Consequently, there remains a long felt need for additional methods and agents to effectively prevent the formation of keloids, hypertrophic scars, and other types of fibrotic lesions as well as to treat keloids, hypertrophic scars and fibrotic lesion so as to eliminate or reduce them and/or to prevent their reoccurrence. The clinical results described herein clearly demonstrate for the first time the ability of an antisense oligonucleotide targeting CTGF to reduce the growth and severity of keloids post surgery.
Antisense Dosing into Skin
It has also been demonstrated for the first time that antisense oligonucleotides do not diffuse laterally very far after dosing into skin (see Example 2) which could lead to irregular effects of this class of drug on a linear incision/healing scar or keloid if dosing was conducted as a single bolus type of administration, resulting in variable concentrations of antisense along the length of the developing scar. To overcome this drawback, a method for delivering antisense oligonucleotides by an intradermal threading technique has been developed. This technique effectively delivers a constant amount of antisense drug along the full length of the scar, and results in effective and consistent scar reduction along the full length of the scar or keloid.

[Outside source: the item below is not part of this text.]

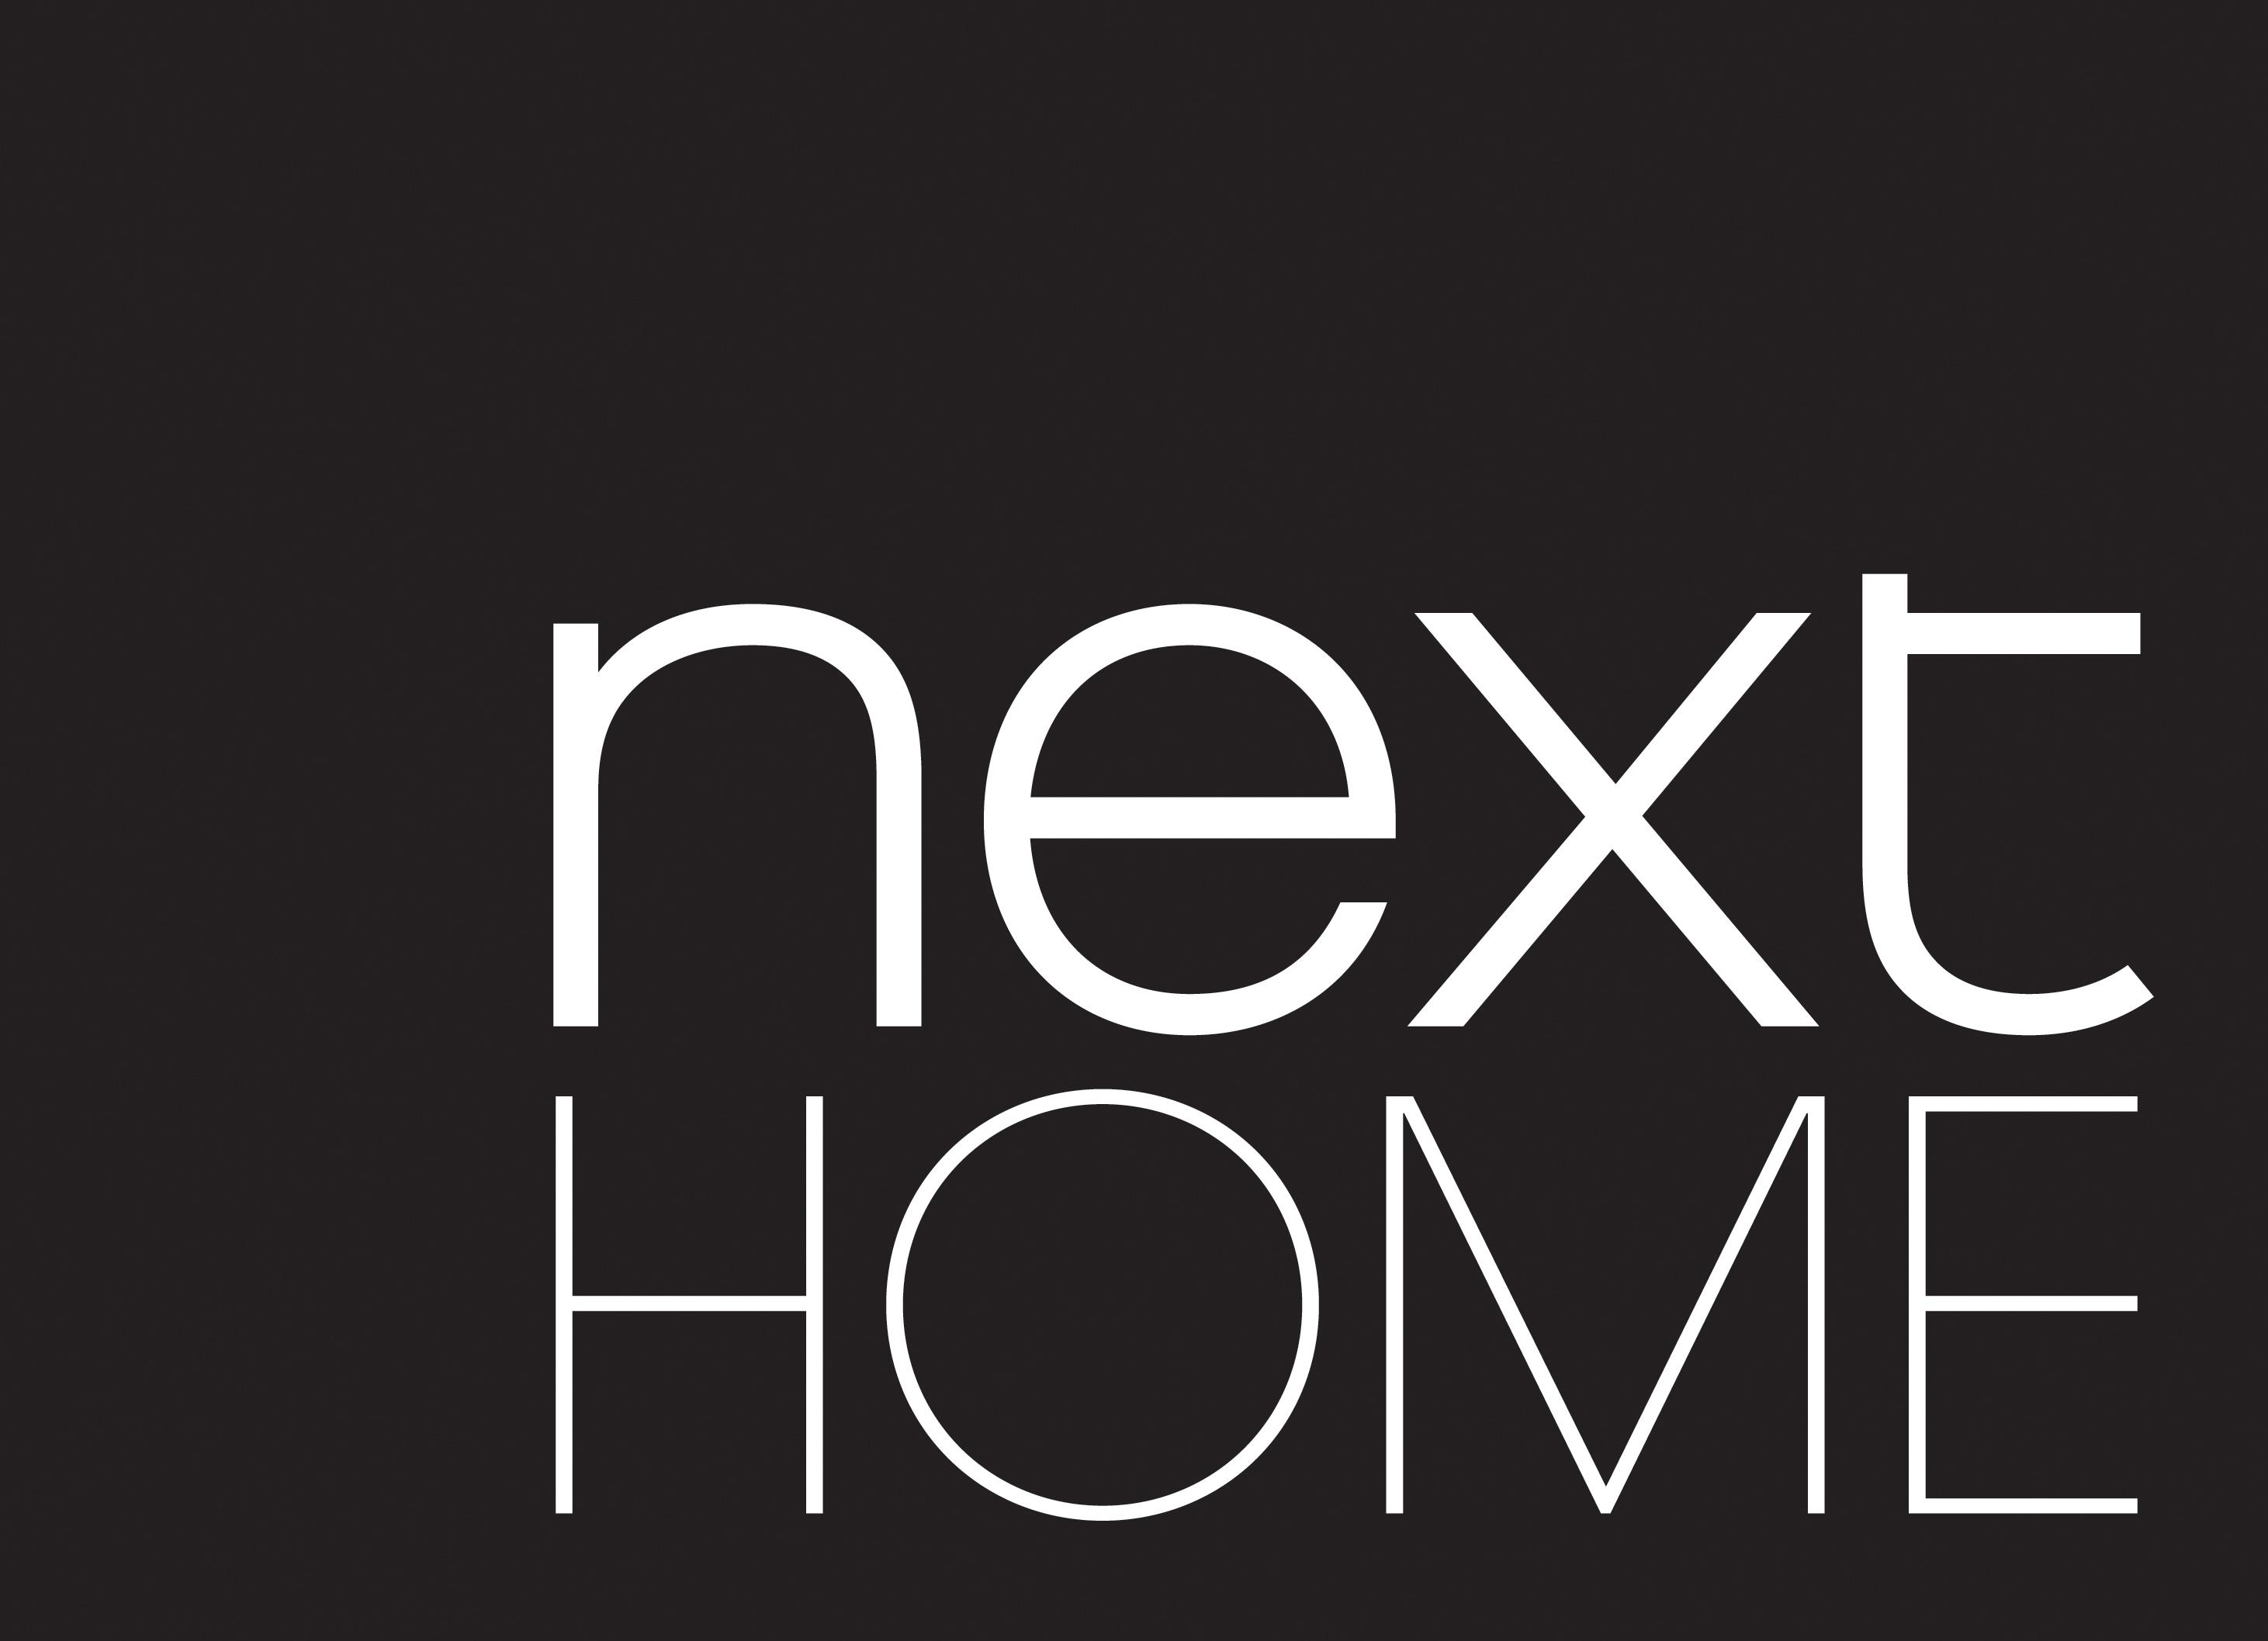 Mac Os X Interior Design Software Interior Design And Home Why Consider An Imac As Your

Intradermal threading consists of introducing a needle into the dermis at an angle as parallel to the skin as possible, and threading the needle into and along the dermis for a distance of typically between 1 and 5 cm. At this point, the needle is withdrawn and drug injected into the dermis along the full length of the needle tract as the needle is withdrawn, resulting in an equal amount and volume of drug being deposited along the full length of the needle tract.